| name | vss-search-archive |
| description | Search video archives using natural language — find events, objects, actions, and people across recorded video using Cosmos Embed1 semantic search. Use when asked to search for something in video, find events, locate objects, or query video archives. Requires the search profile to be deployed. |
| owner | NVIDIA |
| service | vss-sop |
| version | 1.0.0 |
| license | CC-BY-4.0 AND Apache-2.0 |
| reviewed | "2026-06-23T00:00:00.000Z" |
| metadata | {"openclaw":{"os":["linux"]},"author":"nvidia <info@nvidia.com>","tags":["vss","search","cosmos-embed","archive"]} |
Video Search Workflows
Search video archives by natural language using Cosmos Embed1 embeddings. Requires the search profile — deploy with the deploy skill (-p search).

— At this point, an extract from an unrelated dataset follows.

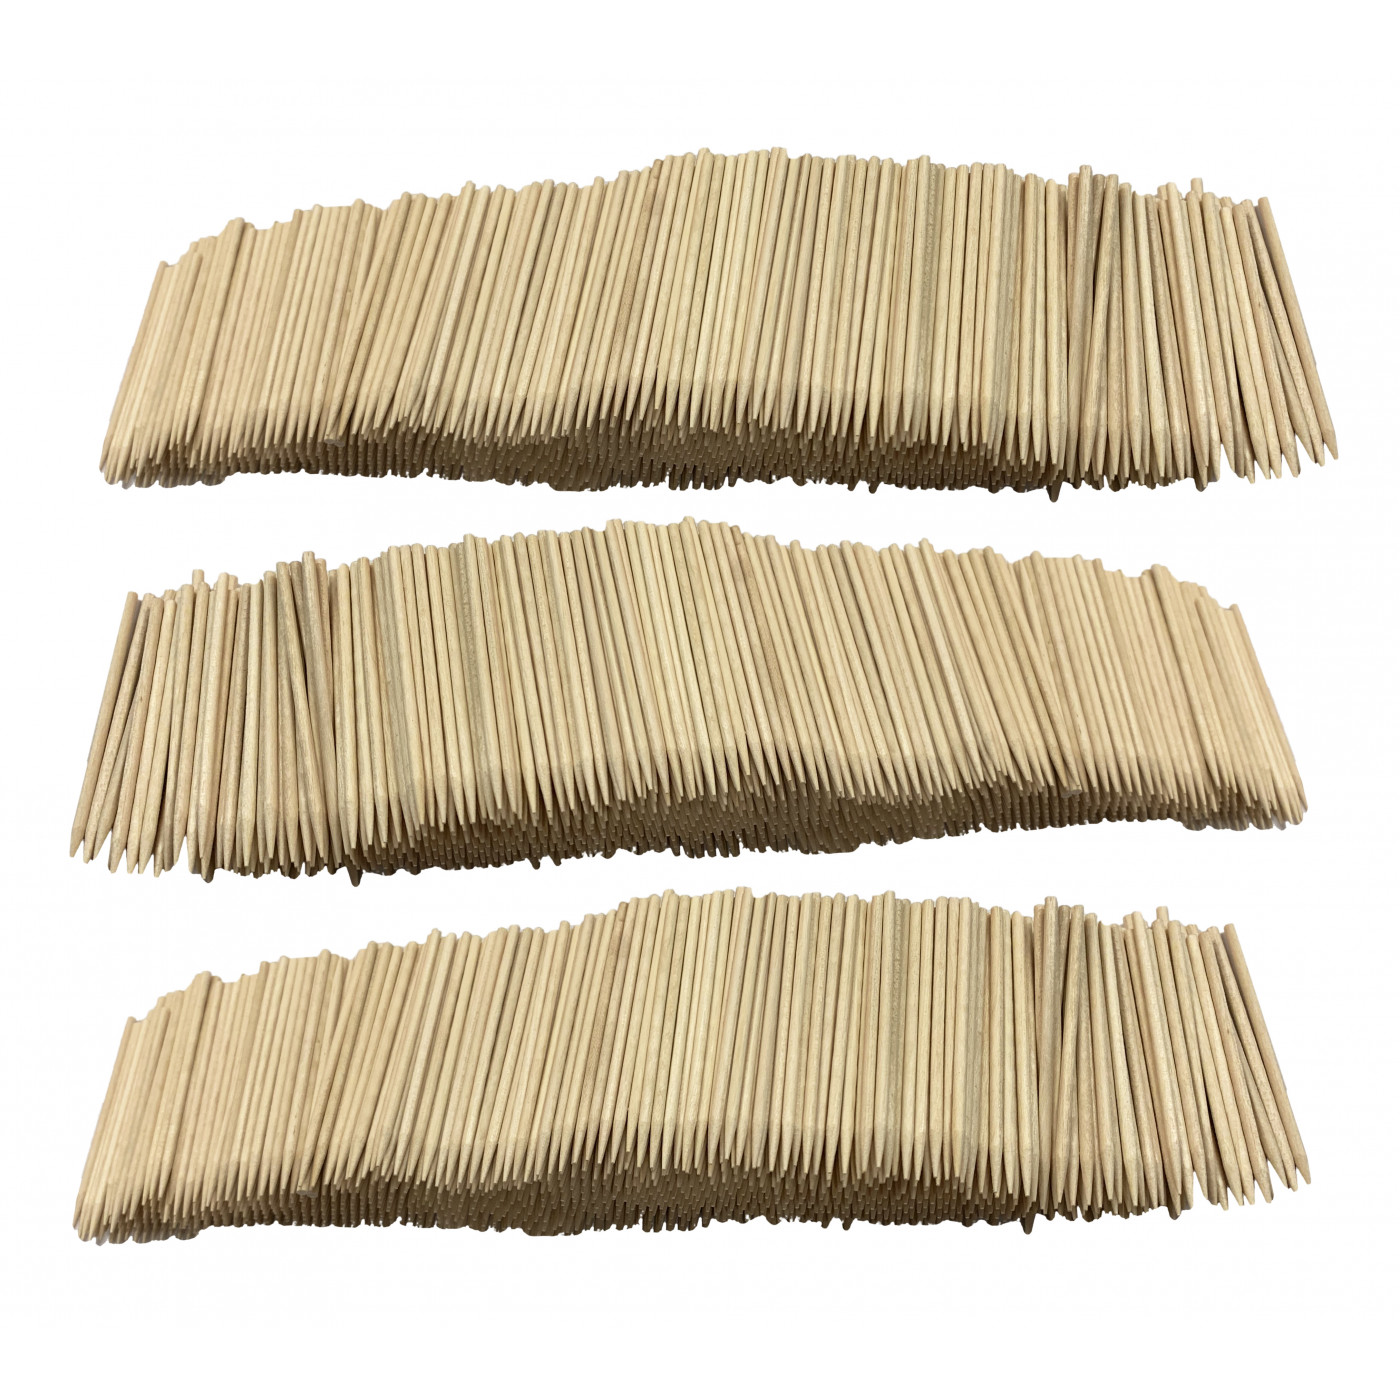 Set of 3000 wooden sticks (2.5 mm x 7 cm, pointed)

Alpha Feature — not recommended for production use.
Overview
Use this skill when a user asks to search historical footage or locate visual entities inside the recorded video database via natural language.
Key use cases:
- "Find all instances of forklifts"
- "When did someone enter the restricted area?"
- "Show me people near the loading dock"
- "Search for vehicles between 8am and noon"
Prerequisites
- Search Profile Deployed: Ensure that the search profile has been started (
vss-sop-deploy with -p search).
- Embedding Ingestion Active: Video uploads/streams must be active so the
rtvi-embed service can write vectors to Elasticsearch.
Instructions
1. Ingestion & Indexing
Videos uploaded or streamed via VIOS are processed by the rtvi-embed service. Cosmos Embed1 is used to generate 1024-dimension embeddings, which are automatically indexed into Elasticsearch via Kafka. No manual indexing steps are required.
2. Formulating Natural Language Queries
Users query using visual concepts (objects, colors, actions). The queries are mapped to similarity vectors to search the Elasticsearch index.
3. Execution via VSS Agent
Execute the natural-language search query by passing it to the VSS Agent's /generate endpoint.
Examples
Search via VSS Agent API
curl -s -X POST http://localhost:8000/generate \
-H "Content-Type: application/json" \
-d '{"input_message": "find all instances of forklifts"}' | jq .
Visual Description Search
curl -s -X POST http://localhost:8000/generate \
-H "Content-Type: application/json" \
-d '{"input_message": "find someone wearing a red jacket near entrance"}' | jq .
Action-Based Search
curl -s -X POST http://localhost:8000/generate \
-H "Content-Type: application/json" \
-d '{"input_message": "show me people running in the parking lot"}' | jq .
Error Handling
Agent API Connection Refused (port 8000)
If requests fail with connection refused:
- Check the VSS Agent container status:
docker ps -a --filter name=vss-agent
- Restart the agent container if needed:
docker compose -f deployments/compose.yml --profile bp_sop_2d restart vss-agent
Search Results Empty / No Matches
If semantic search queries return empty lists:
- Verify the
search profile is deployed and rtvi-embed is running:
docker ps --format '{{.Names}}' | grep rtvi-embed
- Verify Elasticsearch indices exist and are populated:
curl -s http://localhost:9200/_cat/indices?v
License
Use of this skill is governed by the Creative Commons Attribution 4.0 International License (CC BY 4.0) and the Apache License, Version 2.0.